Although no results were reported in the press release, the press release states that interim study findings of more than 1,300 patients hospitalized with COVID-19 found that full-dose anticoagulants were superior compared to usual care thromboprophylactic dose anticoagulation. Until the full study results are published in a peer-reviewed journal, no conclusions can be drawn from this information.

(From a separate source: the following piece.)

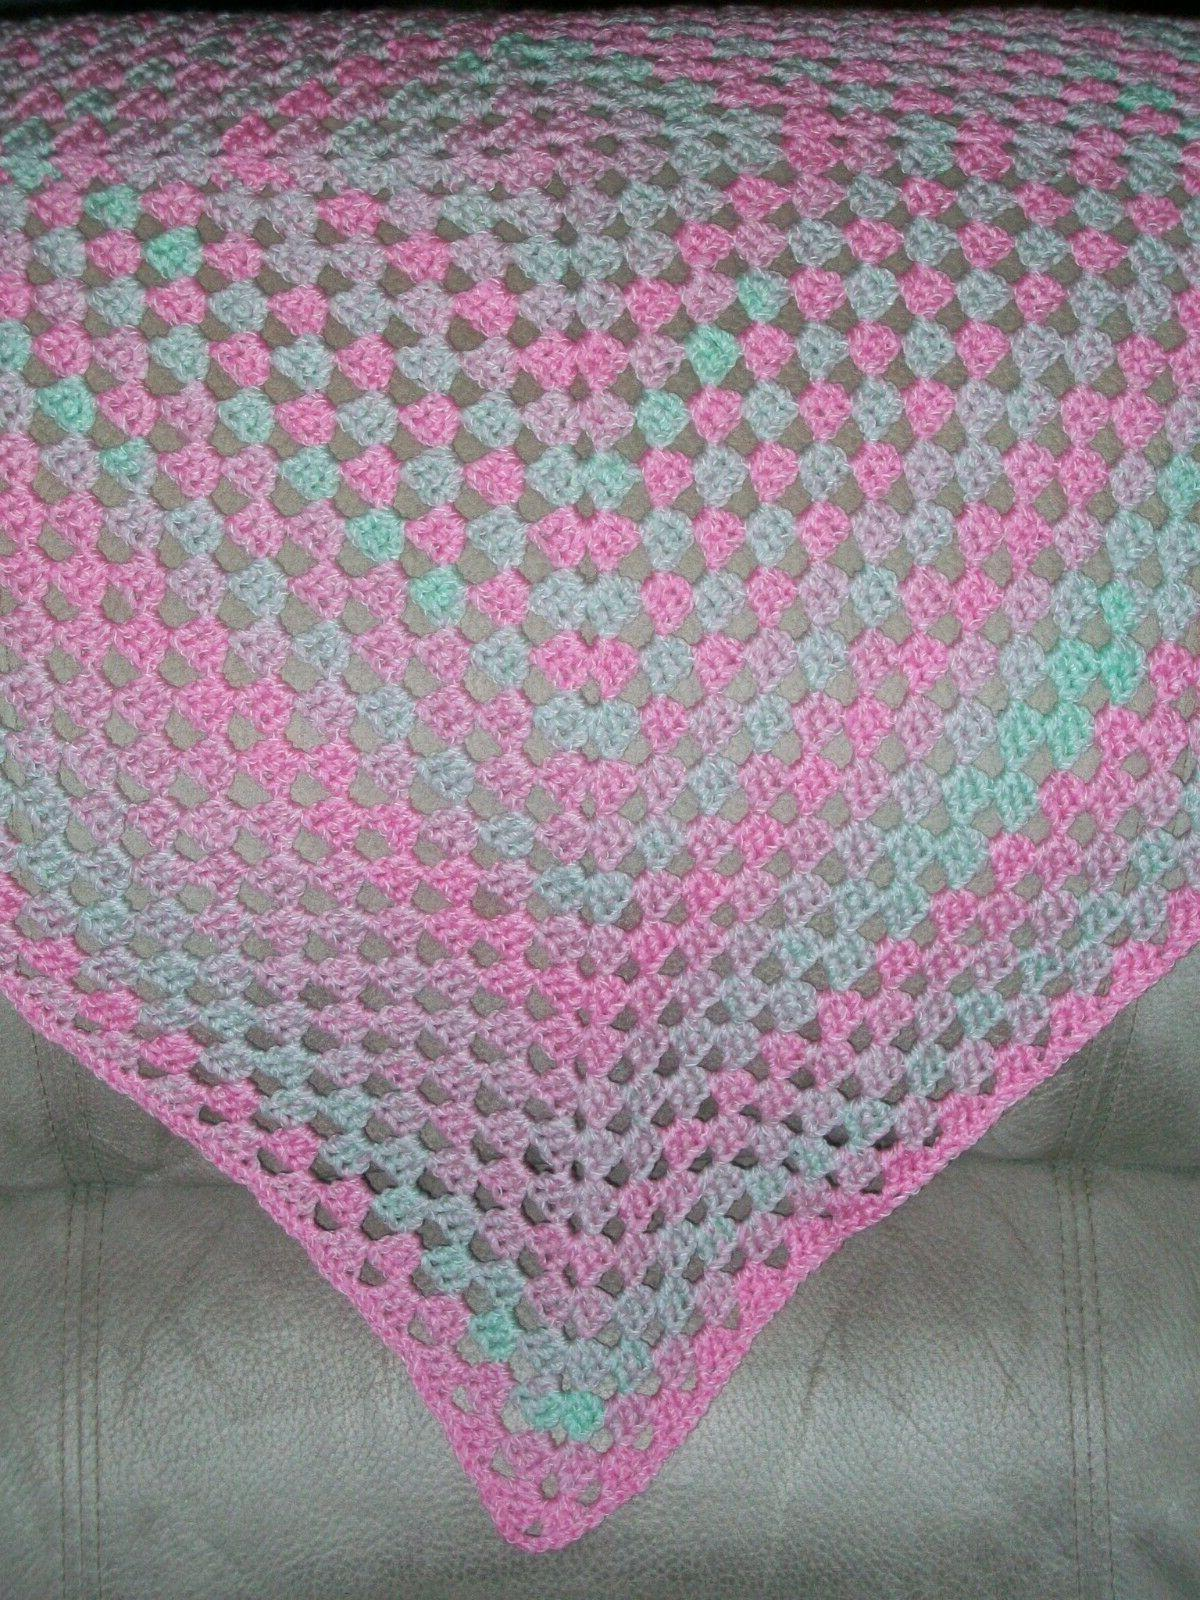 HANDMADE Crochet Baby Blanket Afghan - Nicole Picnic Yarn -

Updated on January 26, 2021 | 09:50am
On January 23, 2021, a press release about results of the efficacy of colchicine in outpatients with COVID-19 were made available (NCT04322682). In Canada, colchicine is indicated for the treatment and prevention of gout flares. The Colchicine Coronavirus SARS-CoV2 Trial (COLCORONA) is a randomized, double-blind, placebo-controlled, multicenter global trial that enrolled adult patients with COVID-19 who were not hospitalized and had at least one high-risk criterion. Patients were randomized to either colchicine or placebo oral tablets for 30 days (total N = 4,488). The primary outcome was a composite of death or hospitalization due to COVID-19 infection, measured up to day 30 after randomization. Compared with placebo, the risk of death or hospitalization was reduced by 21% in the overall global study population of 4,488 patients; however, this did not reach statistical significance. When the results were limited to patients with confirmed COVID-19, (N = 4,159), risk of death or hospitalization was statistically significantly reduced, although the results were not reported. For patients with confirmed COVID-19, hospitalizations were reduced by 25%, mechanical ventilation was reduced by 50%, and death was reduced by 44%. Caution should be exercised in interpreting these findings as limited information was reported in the press release. Full study results published in a peer-reviewed journal are necessary to draw any conclusions.